The U.S. Treasury on Thursday launched a new program to infuse $9 billion into minority and community lenders to boost financing for small businesses and consumers struggling with the coronavirus pandemic in low-income and underserved communities.
The Emergency Capital Investment Program, funded as part of a $900 billion COVID-19 aid bill signed into law at the end of 2020 by former president Donald Trump, will provide $9 billion in capital to Community Development Financial Institutions (CDFIs) and minority depositary institutions.
These institutions, from small mortgage lenders to minority-owned banks and rural credit unions and other lenders, will be able to increase loans and grants to their communities and extend forbearance to struggling customers, Treasury officials said.
The program sets aside $2 billion for participating institutions with less than $500 million in assets and another $2 billion for those with less than $2 billion in assets. Treasury officials said equity and subordinated debt investments into these institutions will lower their cost of capital, allowing them to reach more difficult lending cases.
Treasury Secretary Janet Yellen said in a statement that the program, negotiated in part by her predecessor, Steven Mnuchin, was aimed at reducing "financial services deserts" in low-income communities that have worsened during the pandemic.
"The Emergency Capital Investment Program will help these places in that the financial sector hasn't typically served well.
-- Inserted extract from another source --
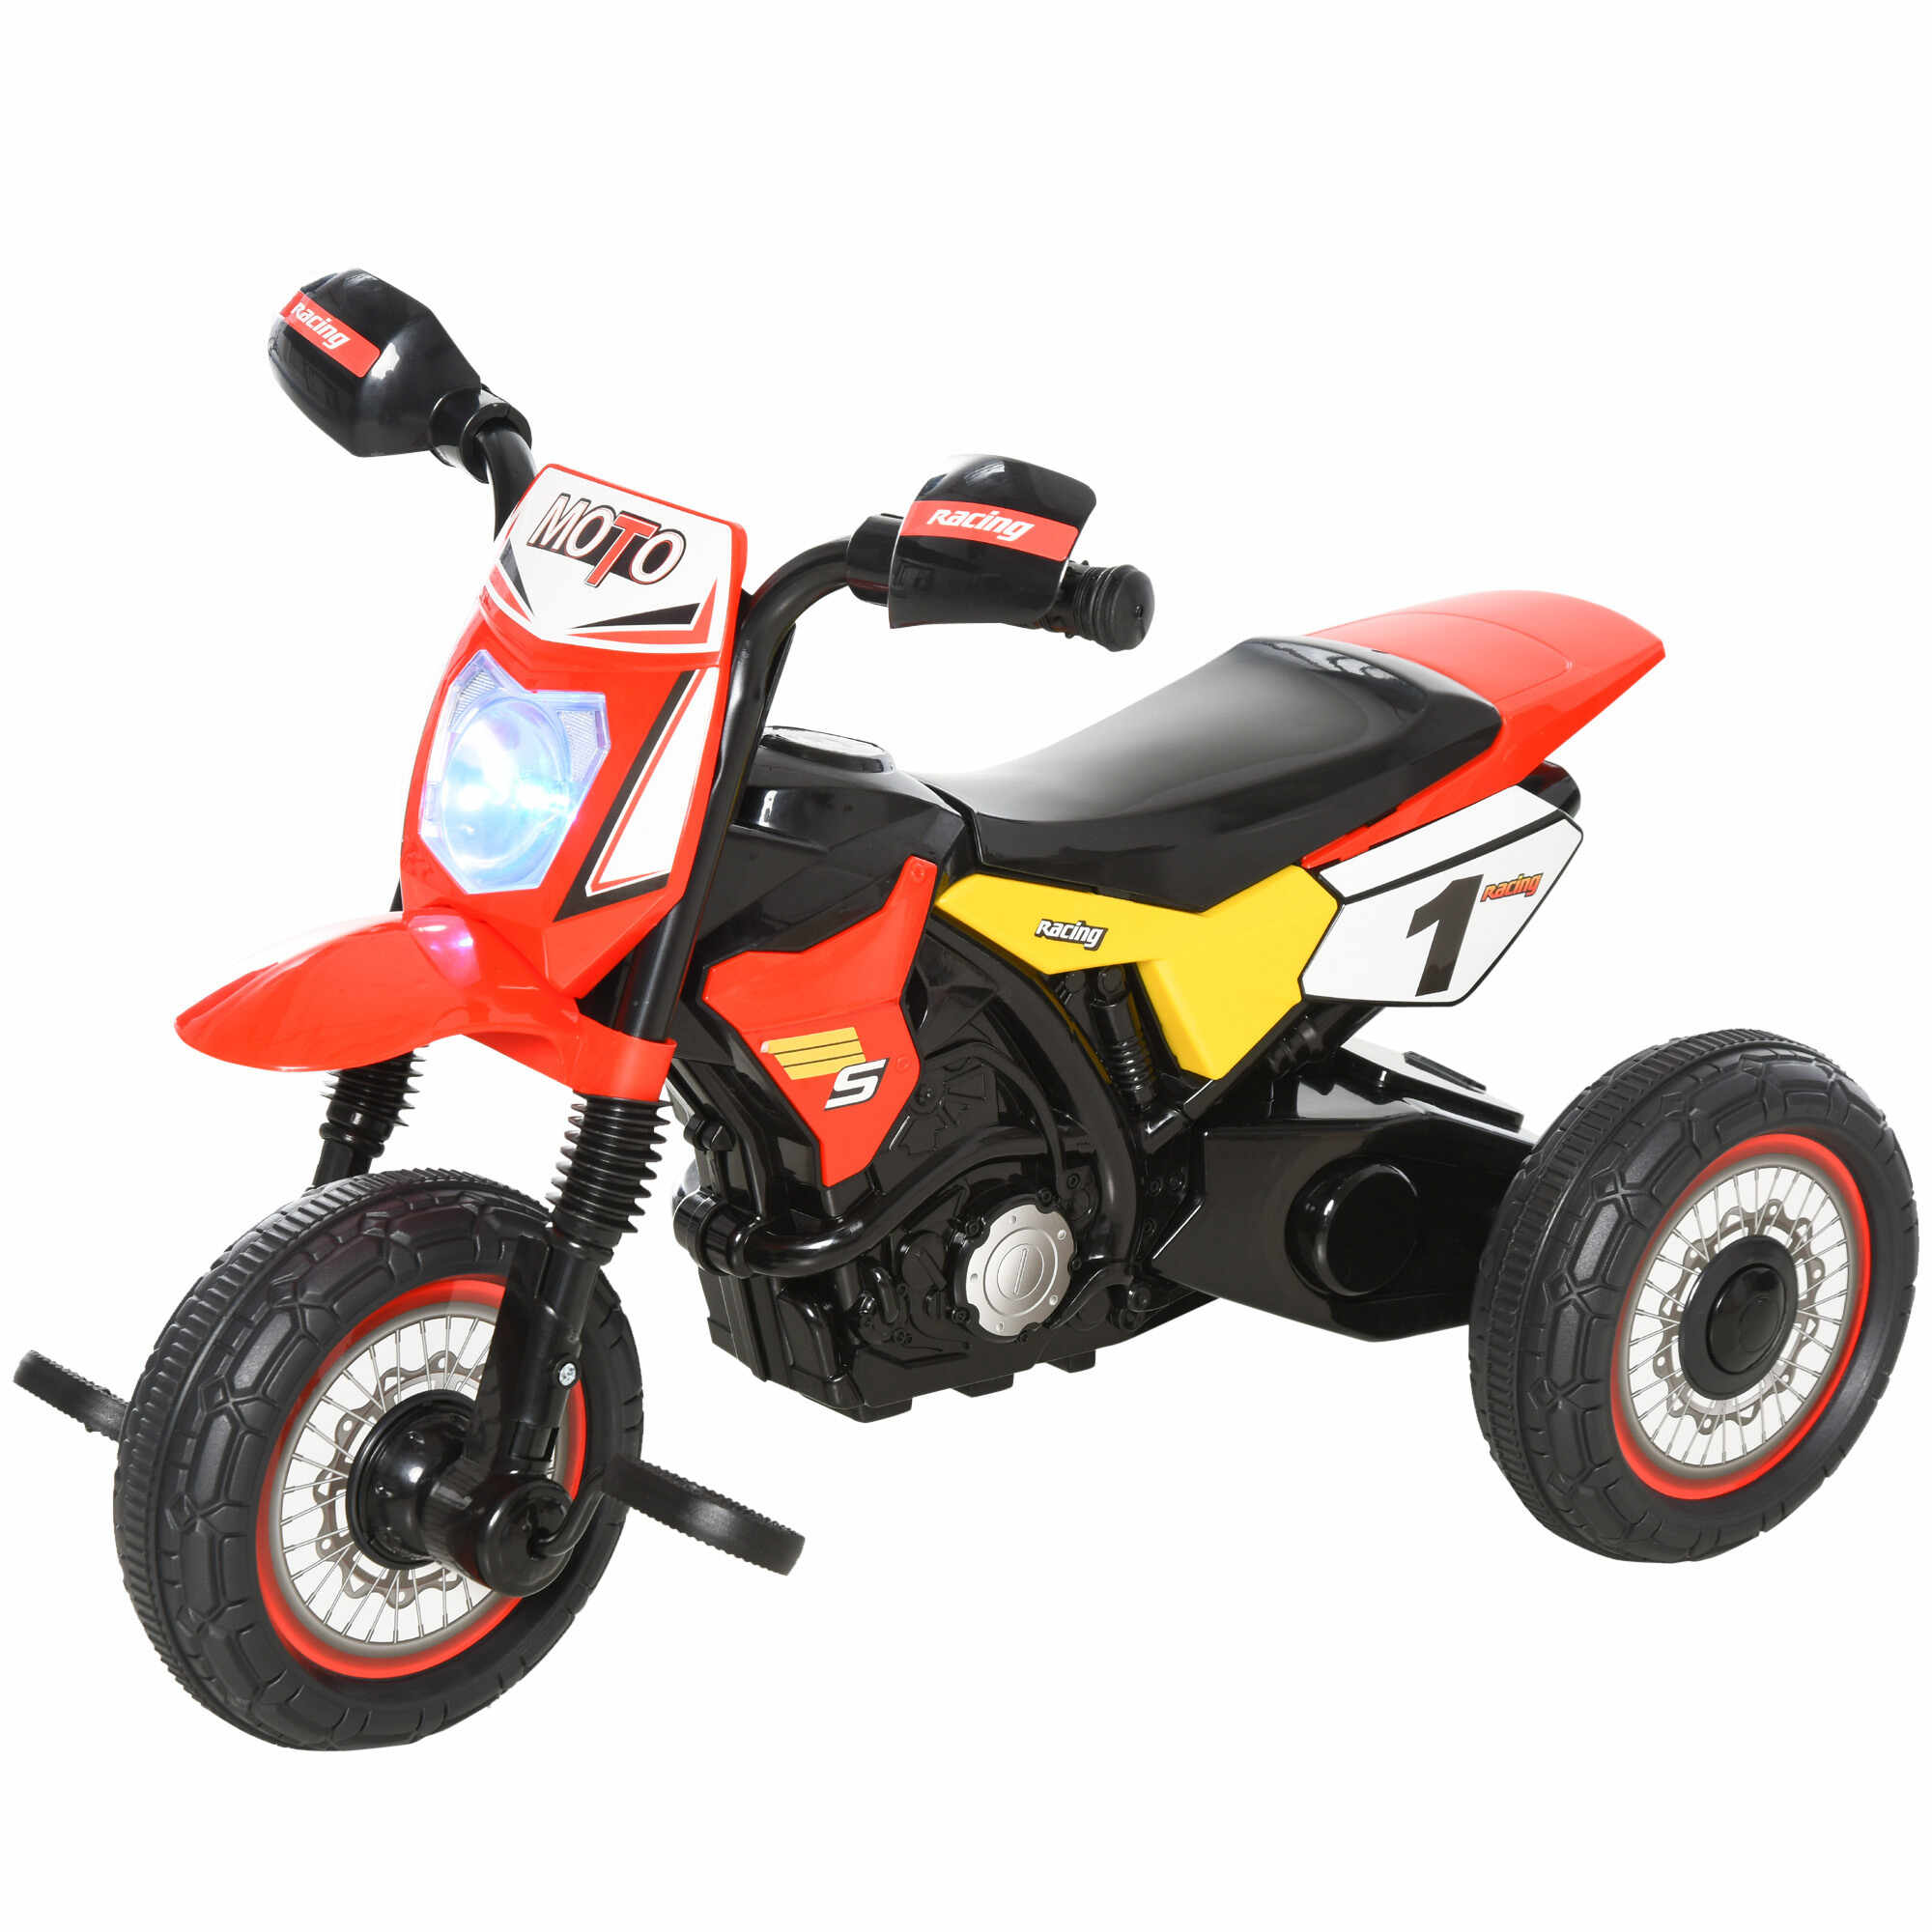 HOMCOM Tricicleta pentru Copii Stil Motocicleta cu Pedale cu Lumini si Sunete, 3 Roti Late, Varsta 18-36 Luni, 71x40x51cm, Rosu

It will allow people to access capital, especially in communities of color."
Yellen's team developed a new capital multiplier formula to reward lenders with lower interest or dividend costs on Treasury capital that is used to make the most challenging loans in the poorest communities, Treasury officials said.
The $9 billion program, coupled with $3 billion in other support for CDFIs and minority lenders as part of the year-end COVID bill, could make a large impact on community lenders.
Research from the Federal Reserve Bank of Richmond shows that as of August 2019, there were 1,076 certified U.S. CDFIs, which could be banks, community development corporations, venture capital funds, loan funds, or credit unions with a mission to serve low and moderate income communities. The number of non-certified CDFIs is unknown, the bank said.
But most are tiny. The Richmond Fed survey found that nearly half of CDFIs surveyed had assets of $25 million or less, with 5% holding assets of less than $1 million and just 6% holding assets of over $500 million.